Here is the text of McMillan’s memo that was sent to employees Thursday.
“We are now hours away from March 1, the day federal budget cuts are scheduled to take effect in an action called “sequestration,” and I wanted to keep you posted on where things stand here at Los Alamos.
“We will be in business as usual here tomorrow and next week. I will be at work and you should plan to be as well. What remains uncertain is the final budget reduction numbers to each NNSA site. Once those numbers are shared with us, we will know which one or combination of options will make the most sense for the laboratory.
“I remain convinced that a reduction of the permanent workforce here is not viable. However, further reductions in purchasing and subcontracts, use of carryover funds, and — as a last resort — short-term furloughs remain on the table.
“As I have said in past messages, the actions we all have taken to control costs and spending over the past 16 months were in preparation for the funding reductions we have already seen and the uncertainty to follow. We’ve been told to expect further guidance from NNSA next week. As that comes in, I will update you.”
At a community leaders breakfast last year, McMillan outlined the lab budget cuts. McMillan said the lab finished 2012 with $383 million less in funding than 2011. The 2011 reductions include $183 million for operations and maintenance and $200 million for construction.
In addition, McMillan said the lab finished 2012 with 1,295 fewer employees than in the previous year.
Of the 1,295 employees that left the lab, 557 departed under the voluntary separation program last spring.
McMillan said other the other numbers could be attributed to contactor cuts, normal attrition and slightly fewer students.
McMillan said procurements are down by close to $200 million from FY 11. In September of last year, the lab racked up $894 million in procurements compared to $696 million in FY12.
So what will happen if the full impact of sequestration takes effect?
According to the Nuclear Weapons and Materials Monitor, the cuts, which may be implemented in March barring action by Congress, are set to reduce the National Nuclear Security Administration’s budget by 7.3 percent. That adds up to about $721 million for NNSA’s weapons and nonproliferation programs, based on enacted funding levels.
Meanwhile in Washington, President Barack Obama met with congressional leaders at the White House Friday, hours before a series of mandatory budget cuts start to kick in, for intense talks where Democrats and Republicans were most likely to stake out fiscal positions with the threat of a government shutdown looming.

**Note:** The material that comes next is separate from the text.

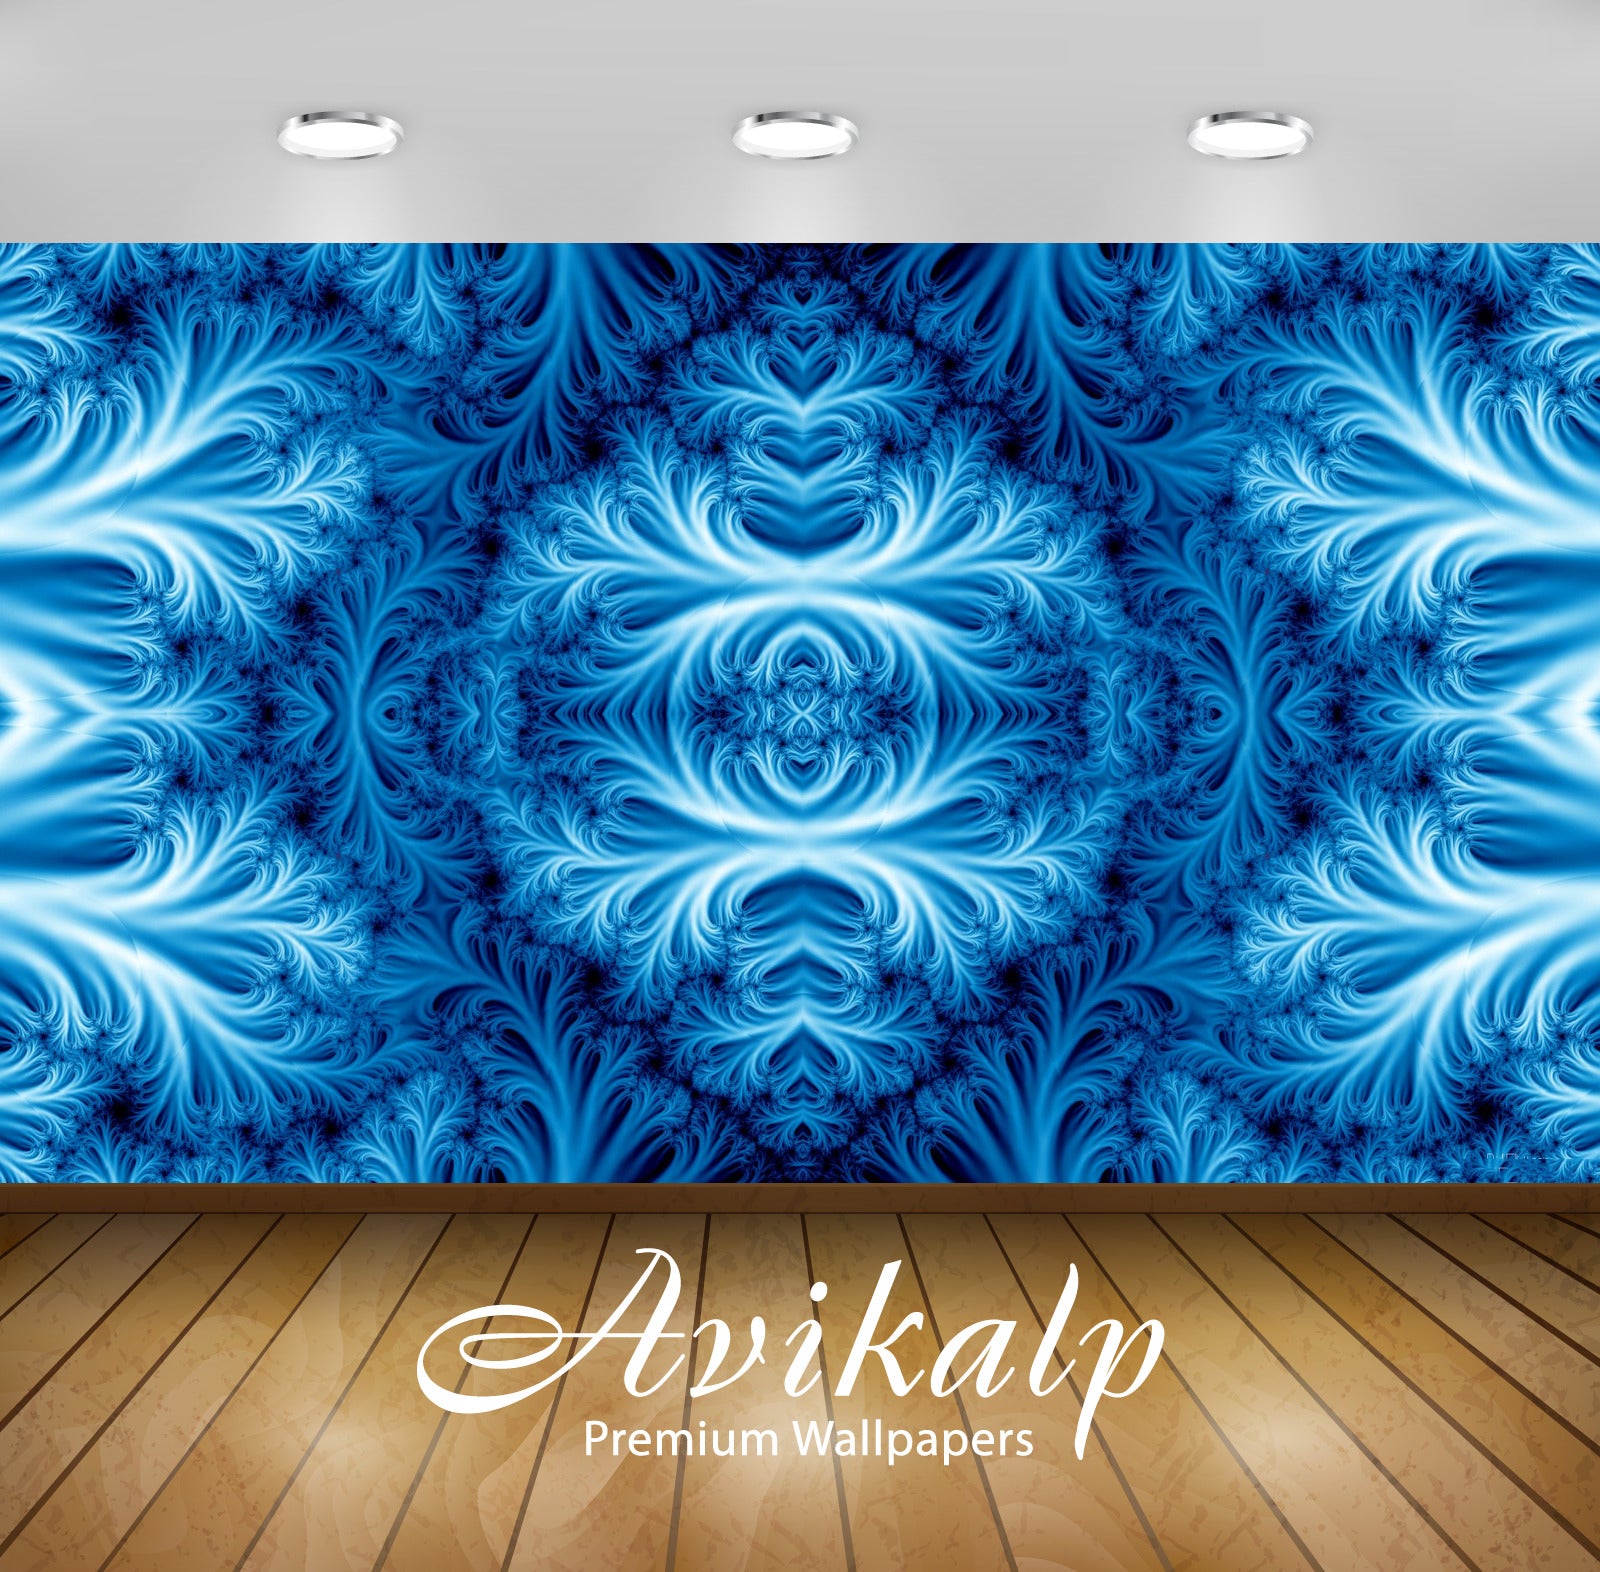 Avikalp Exclusive Awi4061 Blue Fractal Ice Full HD Wallpapers for Living room, Hall, Kids Room, Kitc

With no expectations of a breakthrough, Obama was to once again argue for a big fiscal deal that would raise taxes and trim billions from expensive and ever-growing entitlement programs. But with automatic federal spending cuts ready to start taking their toll, the path toward that grand bargain Obama campaigned on last year has significantly narrowed.
“I’m happy to discuss other ideas to keep our commitment to reducing Washington spending at today’s meeting,” Senate Minority Leader Mitch McConnell, R-Ky., said in a statement ahead of the session. “But there will be no last-minute, back-room deal and absolutely no agreement to increase taxes.”

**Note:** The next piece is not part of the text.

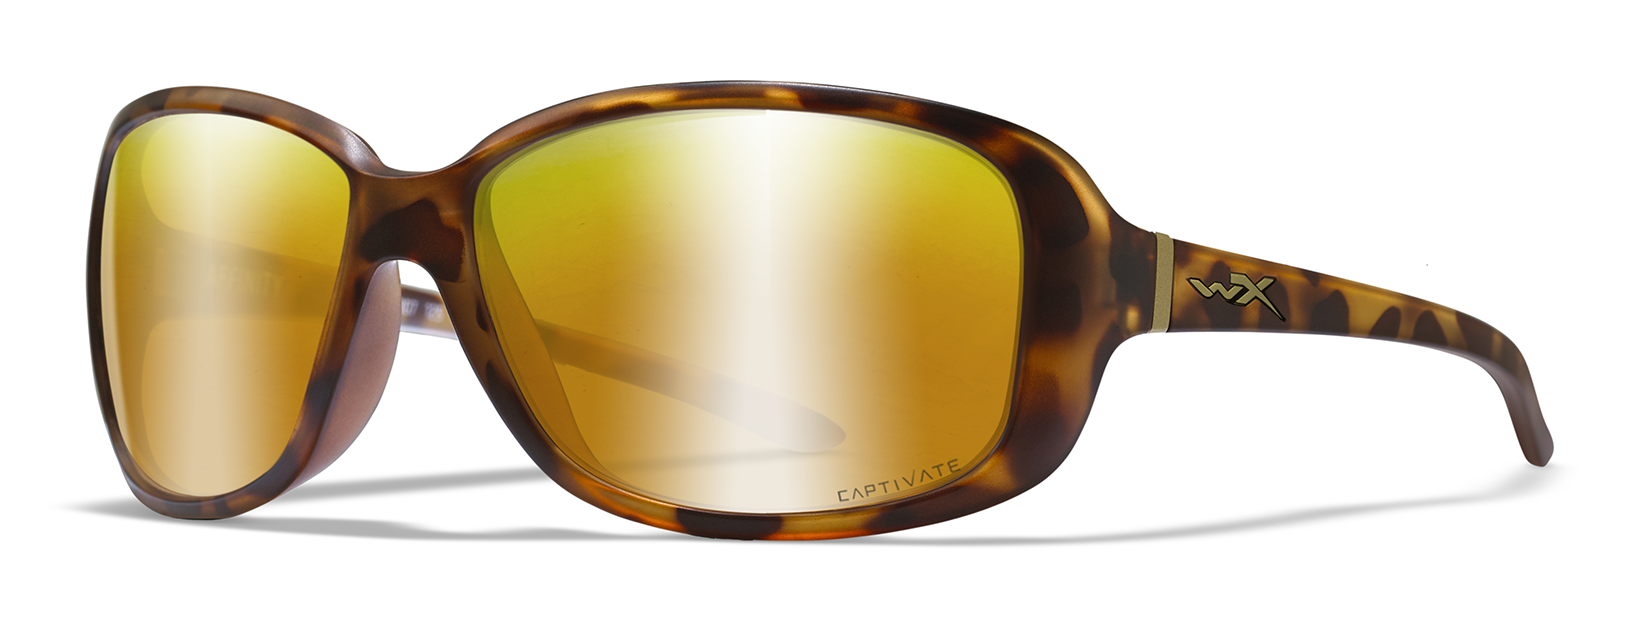 wiley x affinity sunglasses in brown tortoise with polarized bronze lenses

For Obama, Friday’s session would be his first opportunity to spell out his 10-year, $1.5 trillion deficit reduction plan in a face-to-face meeting with congressional allies and adversaries.
His chances are squeezed by anti-tax conservatives, by liberals unwilling to cut into Medicare and Social Security, and by a Republican leadership that has dug in against any new revenue after ceding to Obama’s demands two months ago for a higher tax rate for top income earners.
Associated Press contributed to this story.